Subjects hand (median nerve) was electrically simulated at two levels: weak (above sensory threshold, well below movement threshold) and strong (above movement threshold, but below pain threshold). We will use animations derived from the analysis of the MEG data obtained from this experiment to demonstrate why more attention should be given to variability in single trials. The animations display the activity in just one single axial slice through the primary somatosensory area, which is the first cortical area excited by the stimulus. Green outlines indicate the central sulcus. 

Brain activity estimated from averaged data



This animation shows the estimated brain activity obtained from averaged MEG data for weak (top row) and strong (bottom row) stimulation of the left (left column) and right (right column) median nerve.

As you see only just a blip is seen for strong right arm stimulation at about 20 ms. Much of the literature on the subject describes how this unitary event, and a few other such isolated peaks in the average change under different manipulations. It is as if the brain is inactive except for that momentary activation.

Brain activity from averaged data together with single trials



This animation shows the average (the top left figurine) and individual single trials (the first 8) for the strong stimulation of the right median nerve (displayed in sequence in the next 8 figurines). To emphasize the dynamic behaviour of the system we use separate normalization for each time point and image.
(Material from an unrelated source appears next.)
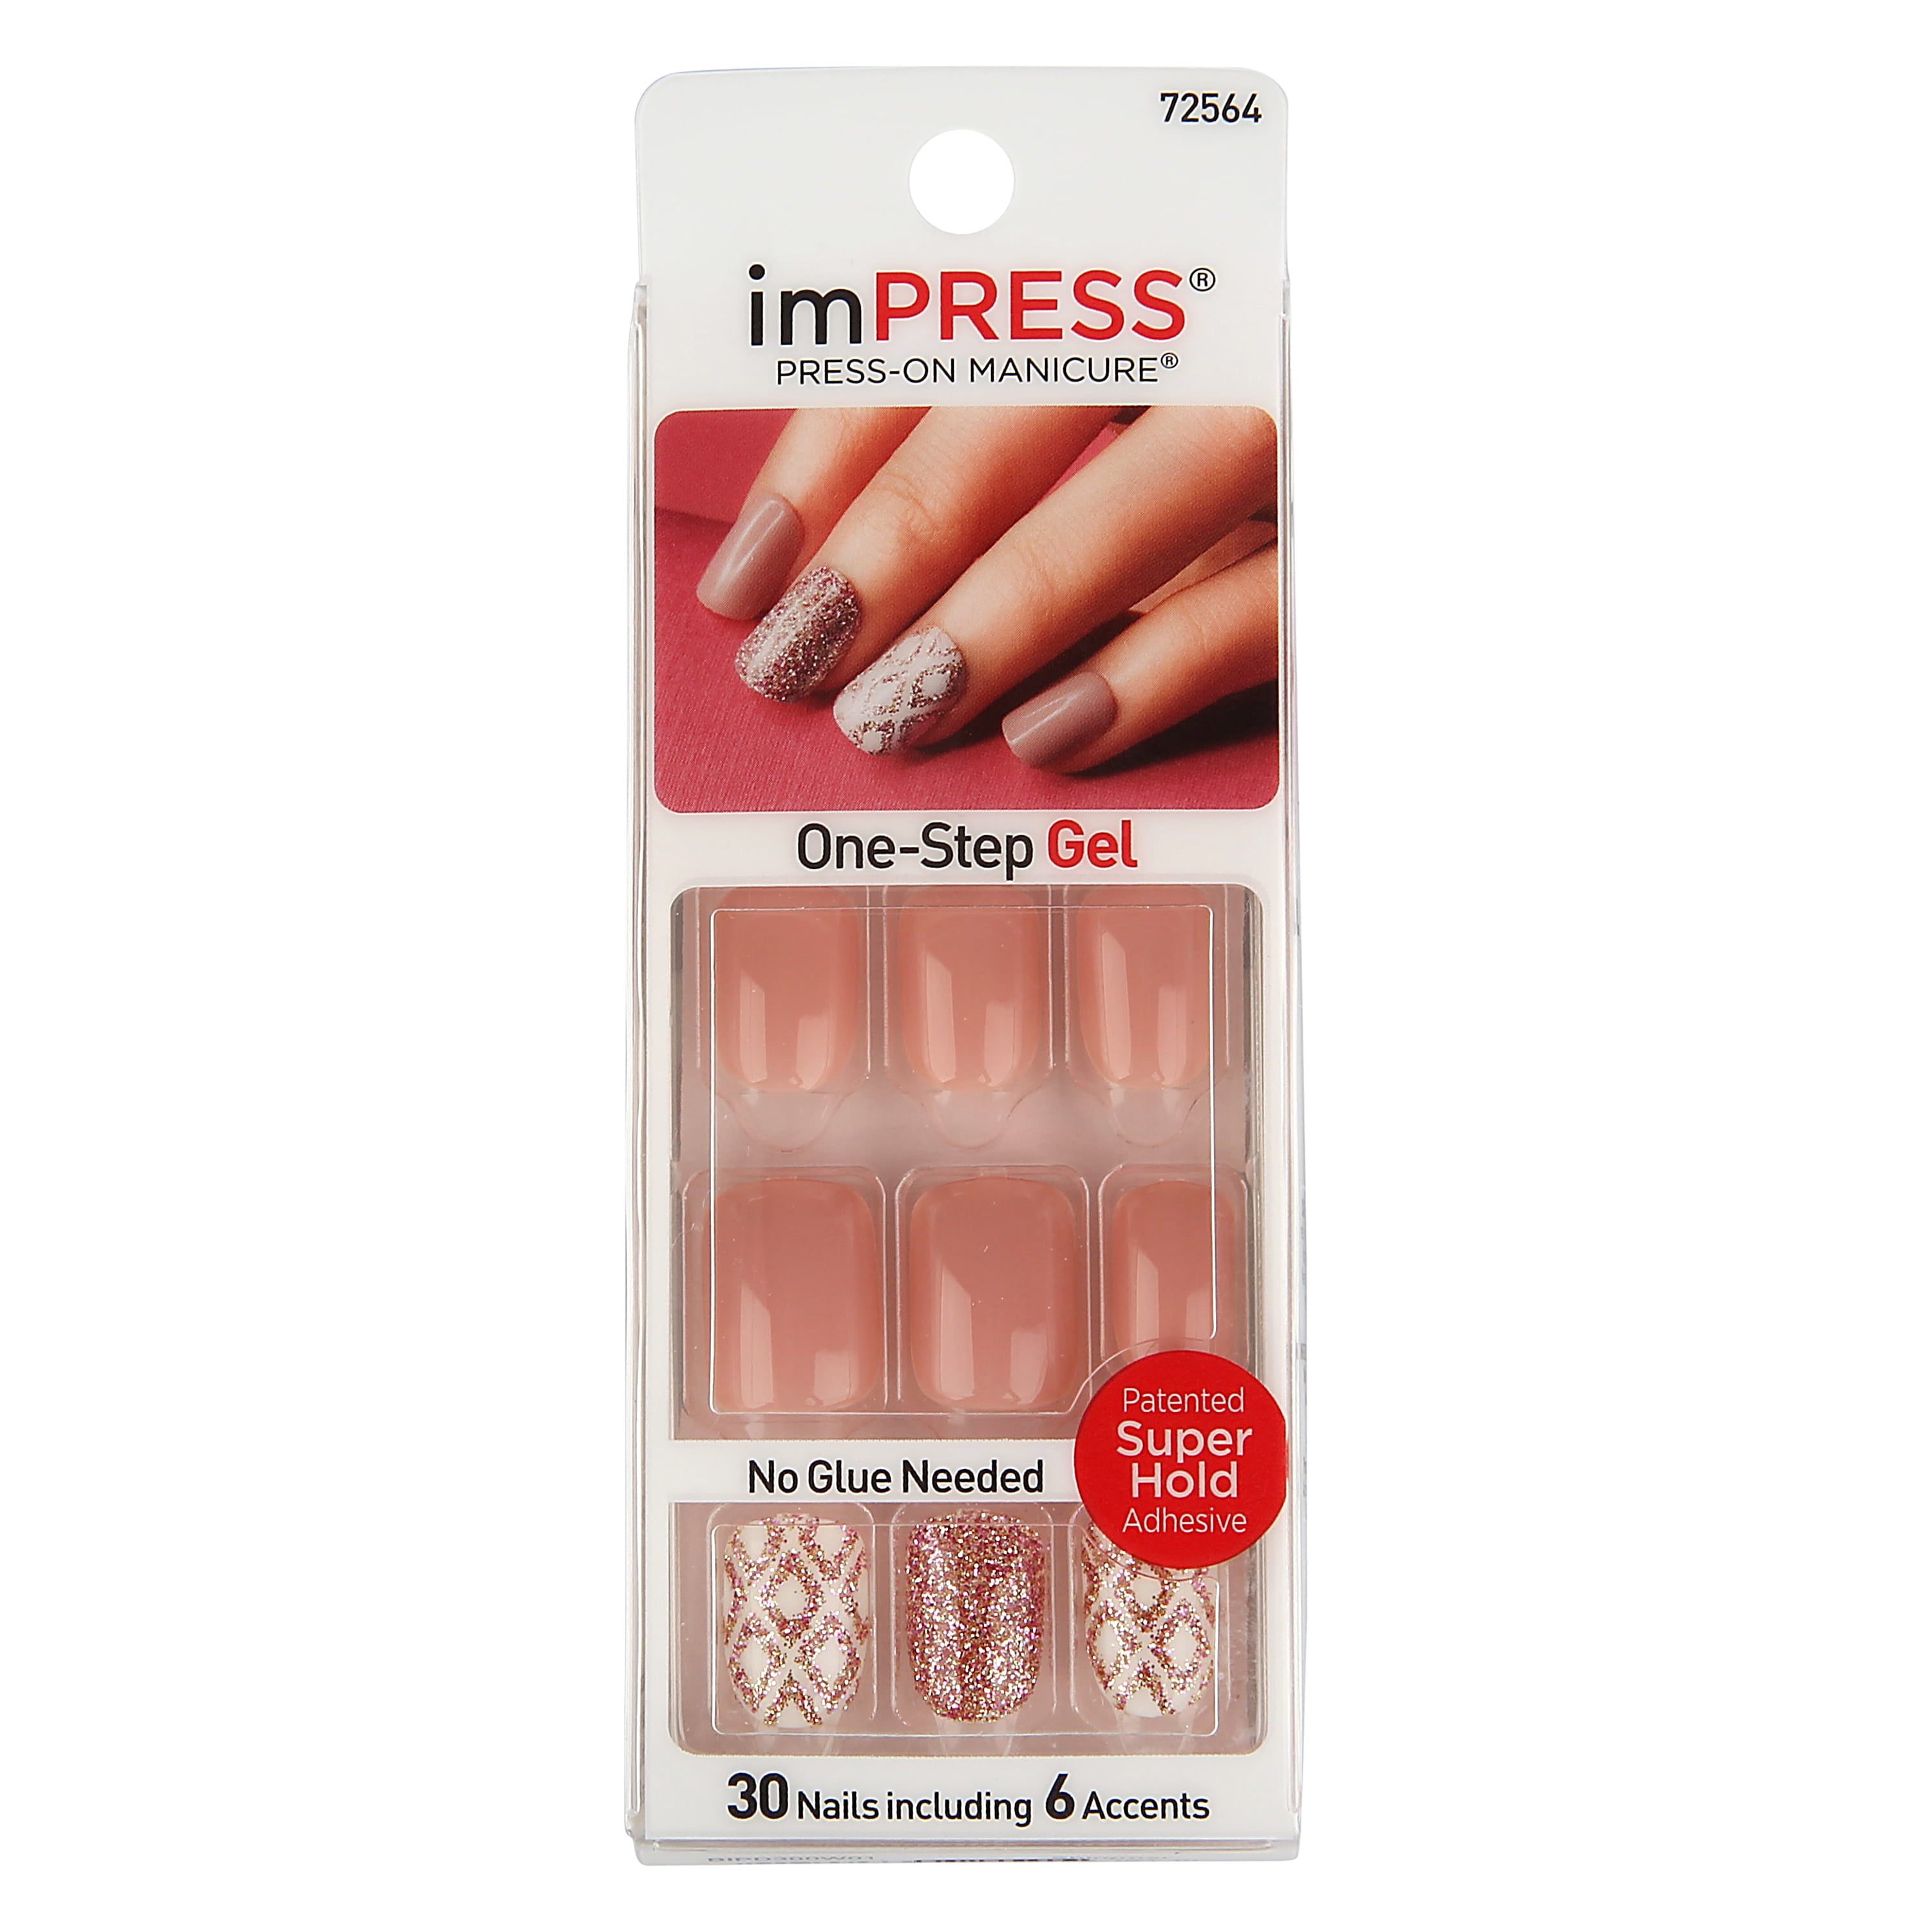 ImPRESS Press-on Nails Gel Manicure - Shimmer

In single trials the activity evoked by the stimulus is not all that different from the activity at other time points before or well after the onset of the stimulus. What these results imply is that the activation evoked by the stimulus is not very different than the background activation going on all the time. What seems to be happening soon after the hand is stimulated is an increased stability in the response around the primary somatosensory cortex which however is varying in its detail from trial to trial. What survives into the average is this increased stability.